Prior to 2003, Iraq was relatively unknown in the West. Those interested in Iraqi politics and society had to turn to Hanna Batatu’s magisterial study, The Old Social Classes and Revolutionary Movements of Iraq. However, at over 1,200 pages, only the most intrepid scholars took on the task of reading this important yet difficult work.

After the 2003 US invasion of Iraq, numerous “instant experts” appeared, prognosticating Iraq’s imminent fragmentation and condemning it to permanent ethnosectarian strife. While most have now moved on to the next crisis, we are fortunate to have scholars, such as Adeed Dawisha, who continue [End Page 485] to grapple with Iraq’s political complexities as evidenced by his important new study, Iraq: A Political History from Independence to Occupation.

Devoid of social science jargon, Professor Dawisha offers the reader an eminently clear and well-focused study of modern Iraqi politics.

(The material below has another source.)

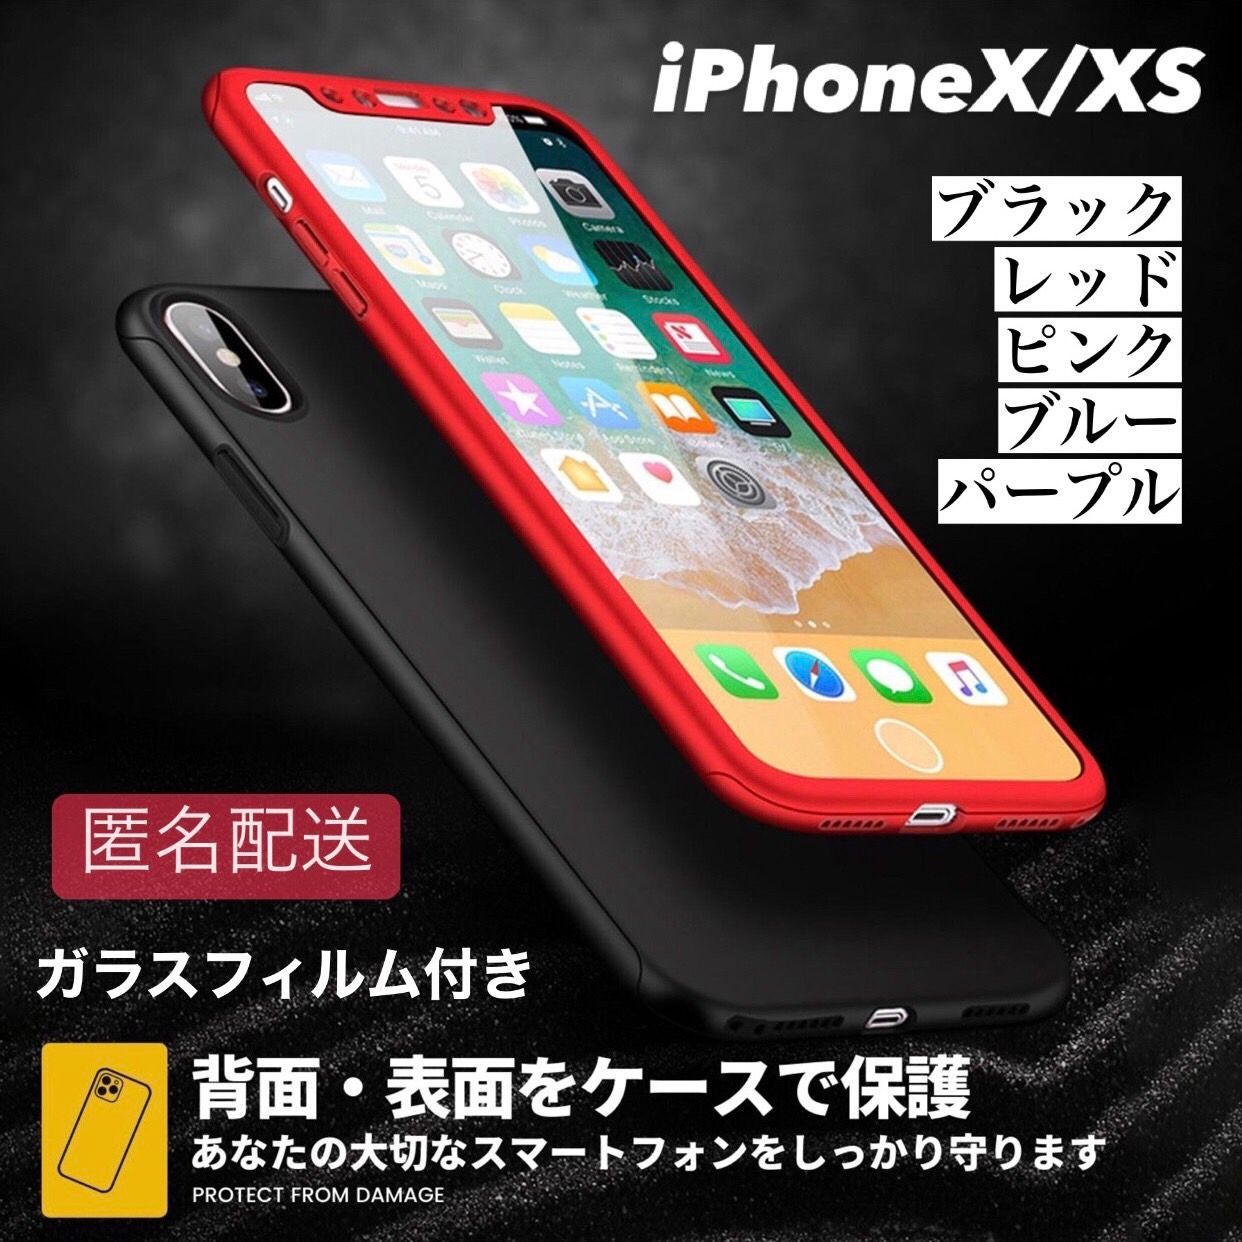 フルカバー・3D全面保護iPhoneガラスフィルム・XS max・XS・XR・X

Clarity of text is accompanied by a sophisticated conceptual framework built around the notions of state institutions, attitudes towards democracy, and national identity. Each of these three concepts forms the core of distinct, but mutually constitutive processes, which, when taken together, allow us to comprehend Iraq’s political development, both prior to and after 2003. In Professor Dawisha’s view, the failure of state institutions, the weakness of commitments to democracy, and the problem of defining a “coherent national identity” continue to shape Iraqi politics and society.

Despite what appears at first glance to be a rather negative assessment of Iraqi politics, Professor Dawisha argues that applying an “all or nothing” approach to the possibility of democratization in Iraq is highly problematic. While the monarchical period (1921-58) was by no means democratic, there existed a modicum of individual freedoms, political participation, and freedom of expression as seen in a vigorous press, a vibrant civil society, and programmatic political parties. To apply idealized Western notions of democratization to Iraq leads us to the “spurious and patently false conclusion” that there was no difference between the Hashimite monarchy and Saddam Husayn’s Ba‘thist regime (p. 42).

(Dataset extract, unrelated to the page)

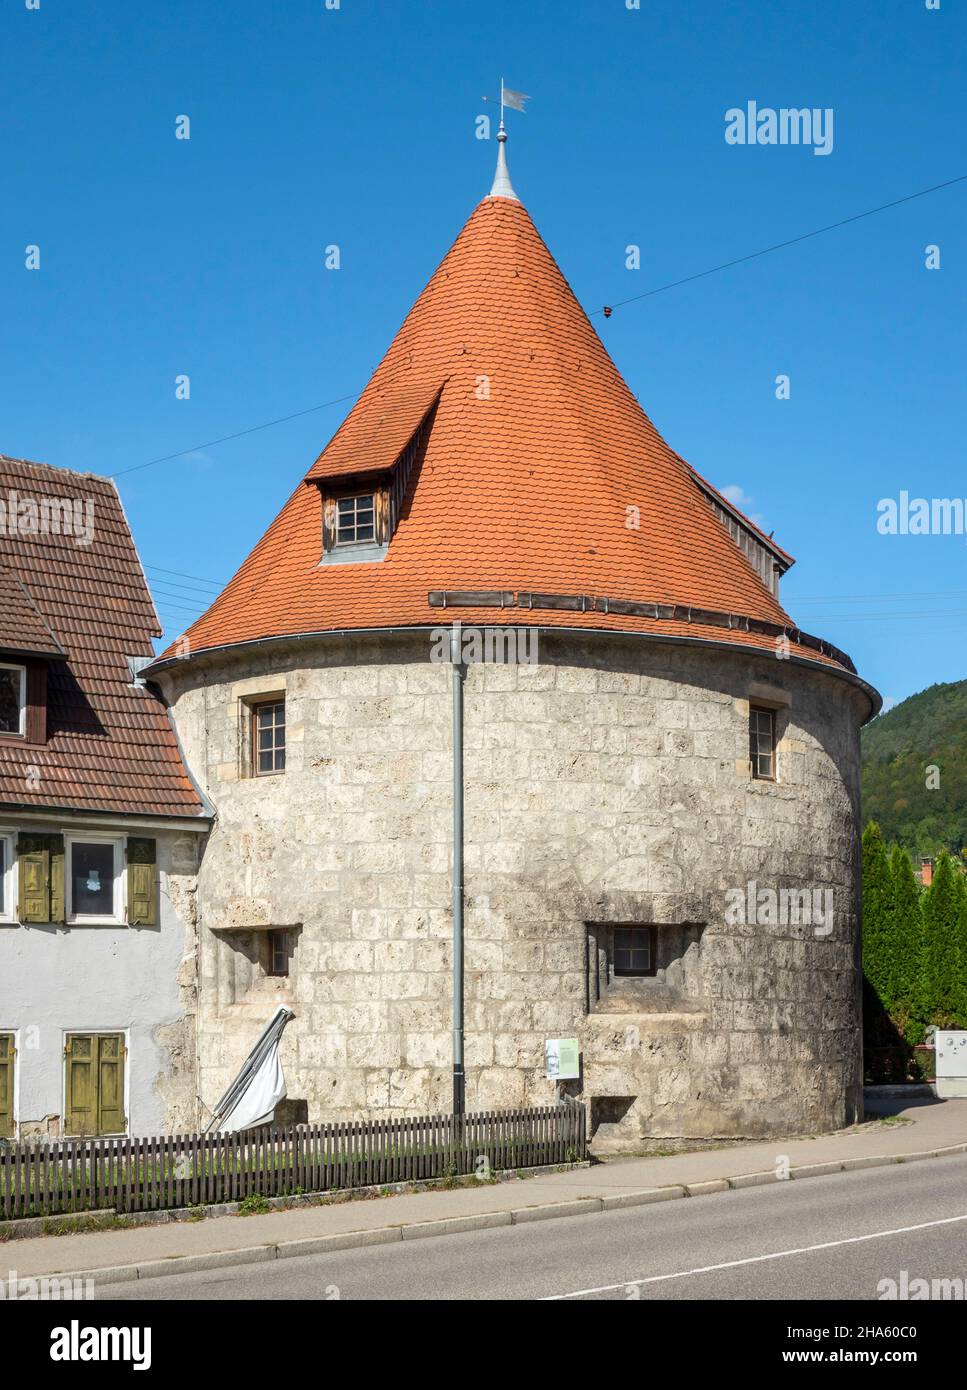 Der aus Tuffstein gebaute, dicke Turm ist der einzige der vier noch intakten Befestigungstürme der webervorstadt Bad urach, baden-württemberg, deutschland Stockfoto

Suggesting parallels with events that would occur almost a century later, Iraqis participated with great vigor in the 1908 Ottoman provincial elections following the seizure of power by the “Young Turks” (the Committee on Union and Progress). During World War I, and prior to the British occupation of Iraq, the residents of al-Najaf ruled themselves for two years. With the outbreak of the 1920 Revolution, Najafis held spontaneous elections, as did Iraqis in many other towns that were able to temporarily rid themselves of British forces. After the promulgation of the Organic Law (constitution) of 1925, Iraqis voted in parliamentary elections until the 1958 Revolution that overthrew the Hashimite monarchy. Thus democracy was not something unknown to Iraqis in 2003.

Professor Dawisha analyzes Arab-Kurdish relations, which all too often are missing from studies of modern Iraqi politics. As he observes, prior to 2003 most Arab leaders viewed the Kurds as a “gross inconvenience” because they interfered with the interests of the (Sunni) Arab political elite (p. 206). This historical legacy suggests that the Kurds will need to be given meaningful power in Baghdad if they are going to develop an enduring loyalty to the new federally-organized Iraqi nation-state.

Iraq: A Political History ends on the same ambiguous note with which it begins. According to Professor Dawisha, Iraq still possesses a political culture that demonstrates a weak commitment to democracy. Iraq’s main ethnic groups — the Sunni Arabs, Shi‘ite Arabs, and Kurds — have yet to agree on the form of the Iraqi nation-state.

Yet since this study was published, elections were held for provincial legislatures in the Arab south in January 2009, for the Kurdish Regional Government Parliament in July 2009, and for the national Parliament in March 2010. In all these elections, sectarian entrepreneurs were dealt a major blow as Iraqis voted in large numbers for political parties, many...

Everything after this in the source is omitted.